Appealing as this sounds, there are serious problems with it. The graduate tax does two things which are seriously troublesome. Firstly, it goes further towards transforming the relationship between student and university into a customer-service provider relationship. There is no longer anything special about knowledge, learning, the exchange of ideas and their ability to empower. Priority is given to the maintenance of a sound economic bottom line, and to providing the customer with a product they can afford (or identifying the customers to which the product can be marketed). But the identity of the person or people writing the cheques is changing too. The burden of payment, even as the sum of that payment rises inexorably, is shifting to students and their parents.

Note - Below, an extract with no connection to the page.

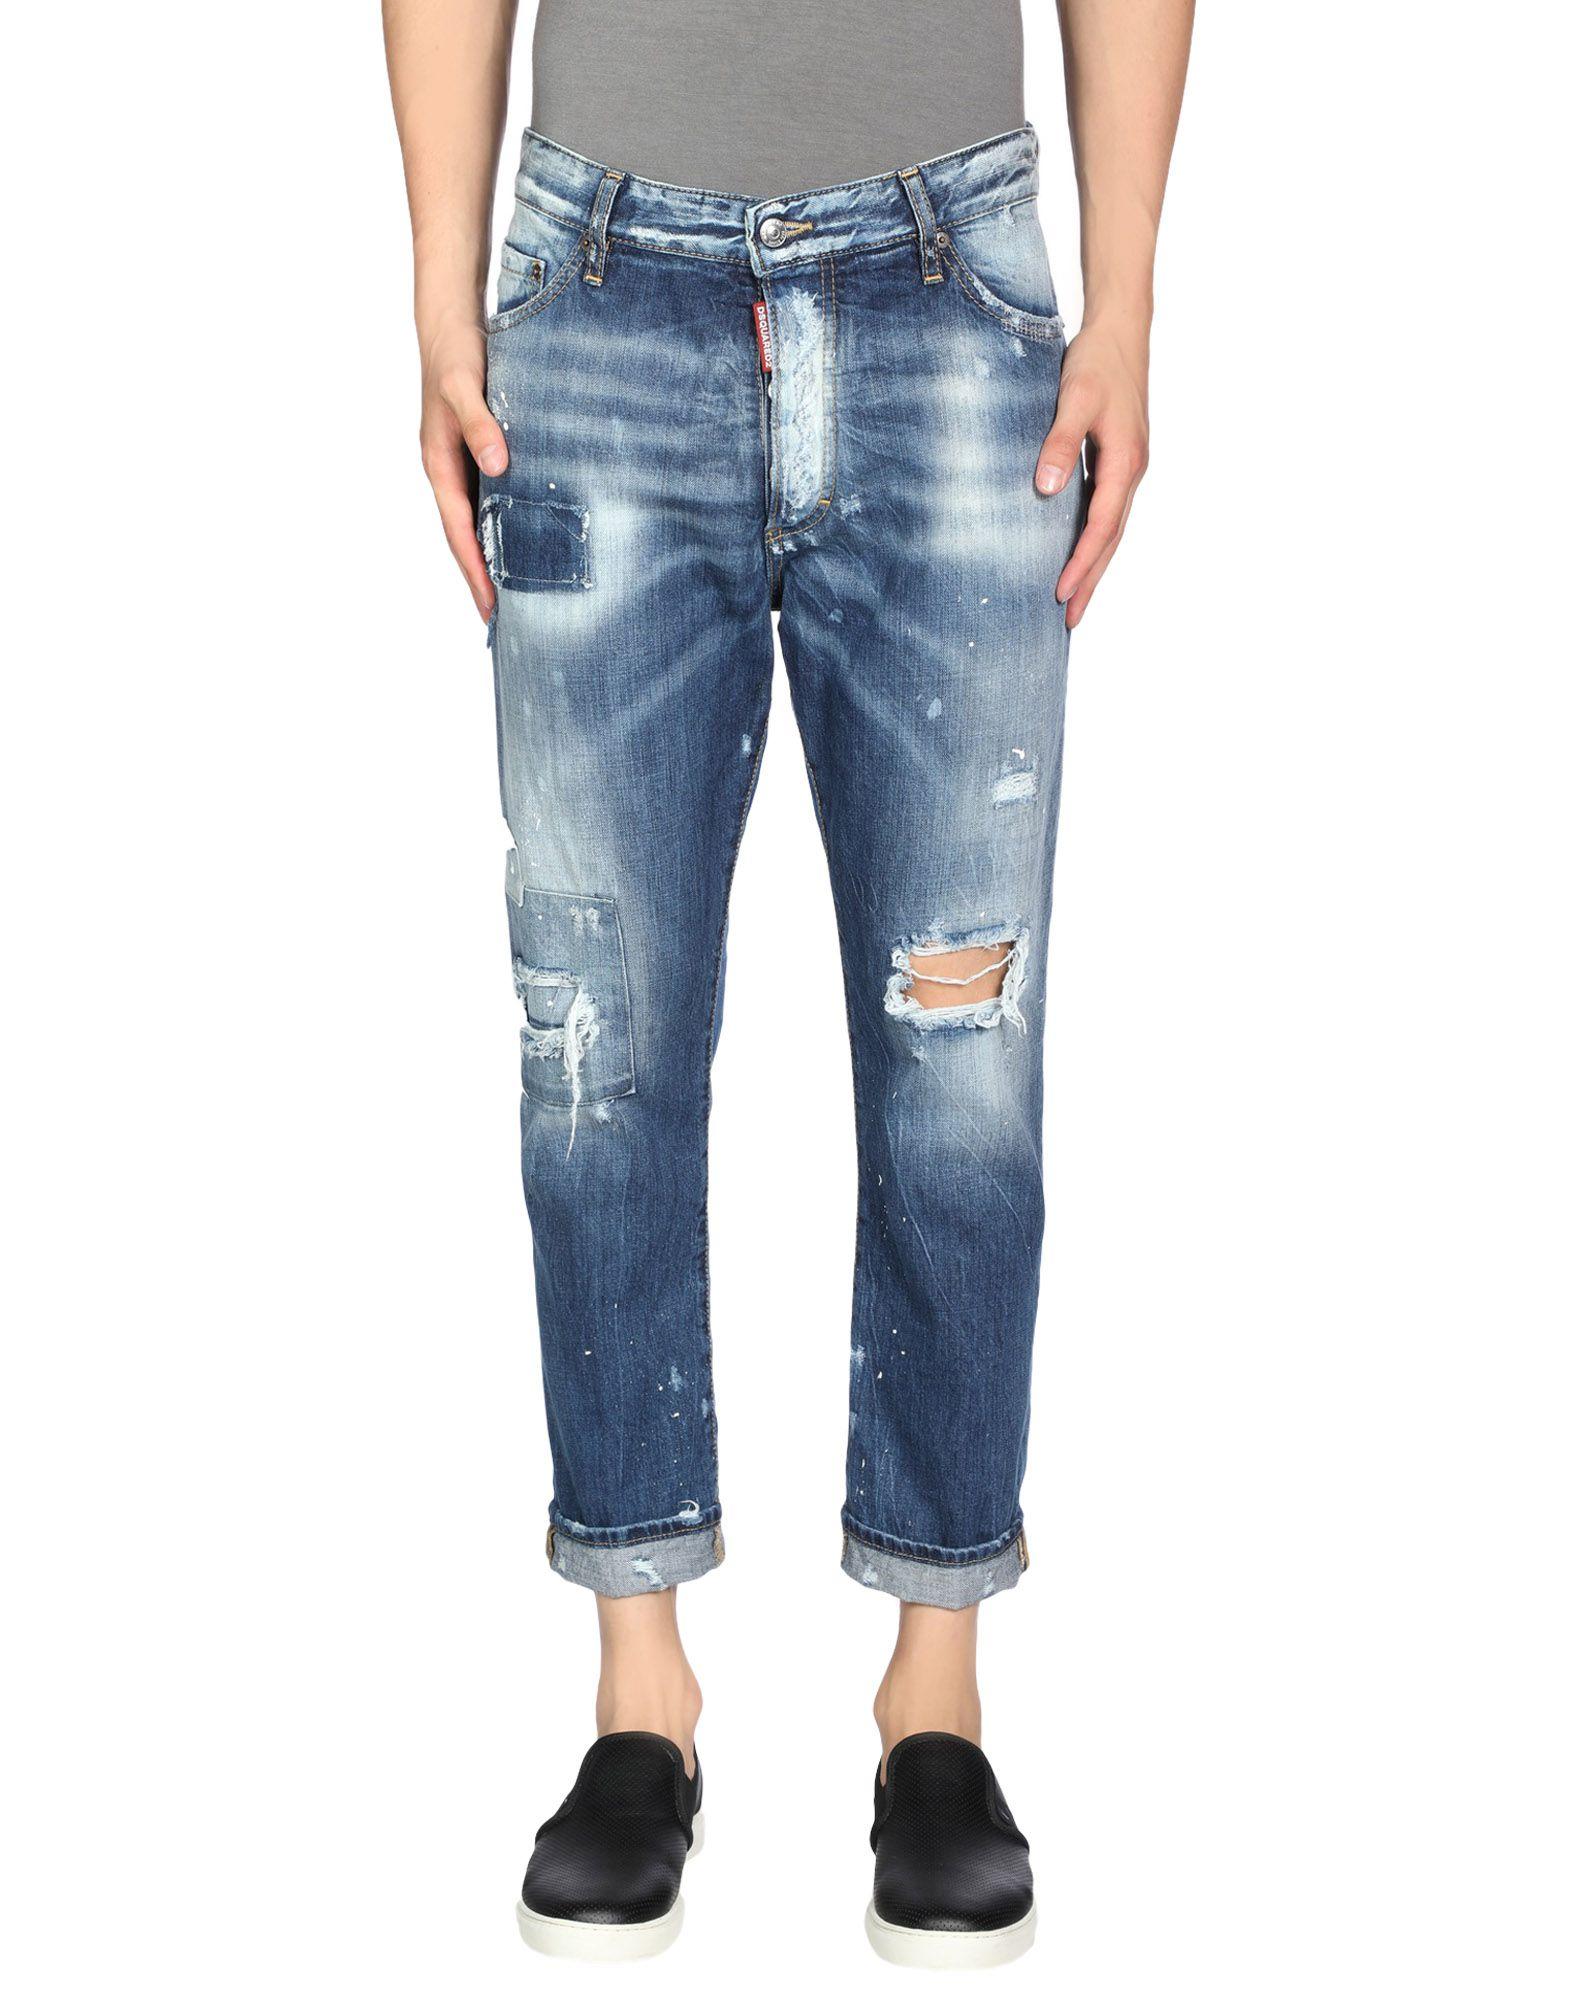 Dsquared2 Pantaloni Jeans - Dsquared2 Uomo - YOOX 5912b7c1b638

This is closely related to the second problem with Cable's graduate tax (and it not only shows the right-ward shift of the Liberal Democrats, who only one election cycle ago were arguing eloquently for the wholesale scrapping of tuition fees, but gives the lie to David Cameron's 'big society', an idea which never went down with the Tory right to begin with). Public education in Britain, as in California, has long been a project of both the left and of liberals. Ignorance, after all, was one of the five evils the 1942 Beveridge Report declared war on, and this recognition of the relationship between a healthy society and educational opportunity has long been a preoccupation of the Labour and Liberal parties in Britain. And in both places, that education was meant to be free. That central condition has been undone in higher education, more recently in England than in California, but there has long been a rearguard action fought in our state by universities and their supporters against the rise of a Right that has little time for notions of equality and fairness, and which sees free- and critical-thinking as a genuine threat.

No wonder then, that the standard-bearer of the modern Republican Party chose to make an institution like Berkeley his target of choice when running (successfully) to be Governor of California. Ronald Reagan had not just hedonistic hippies in his sights...he was targeting freedoms of dissent and expression, and the very potential of a pluralistic, open society. Successive Republican leaders in California, often with the collusion of business-minded university officials themselves, have worked to transform education into a commodity, one (if one reads only just between the lines of documents like the Commission on the Future of the UC) shorn of moral and social purpose.

The point here, to return to Cable's graduate tax, is that once upon a time higher education was a social good to be given to anyone with the talent, promise, ambition or even desire to take part in what was envisioned to be an empowering and liberating experience. It was to be provided for by the taxpayers of the nation or state, out of a recognition that the education of a young man or woman from the affluent suburbs alongside a poor one from the inner-city and a first-generation Californian or Briton (an education, moreover, that would be in common, on the same campus, in the same classroom), was good not only for those three students, but for the collective, and for the future of that society.

But a tax on a degree, however fair it seeks to be, shatters this remarkable vision. It is a blow directed squarely at the idea of a collective good and concomitant responsibility. It throws families and students back on their own resources and puts the individual at the centre of a social and financial whirlwind, at the mercy of a developing educational marketplace (UC Regent Richard Blum, Senator Feinstein's husband, is a typically hypocritical investor in some of these ventures) that is as hostile towards moralising as it is towards those who can't afford to be in the market.

Vince Cable's tax plan might make good economic sense. It might be exactly what one would expect from a modern liberal, in that it seeks to walk the fine line between fairness and economic solvency. But it is an answer to a financial problem, which should be secondary to the deeper, more significant social and moral question-mark hanging over the future of higher education. It is an answer which turns the public university into some kind of tawdry department store or shopping mall, and which disconnects these remarkable institutions, imperfect though they be, from what has been their public moral, social and collective endeavour. We must hope that the Labour Party and those Liberal Democrats who are frustrated with their strange coalition partners call Cable out on the flaws of his plan. And that the supporters of public higher education in California mount a stiff resistance to attempts to further commercialise colleges and universities while detaching them from their historic mission.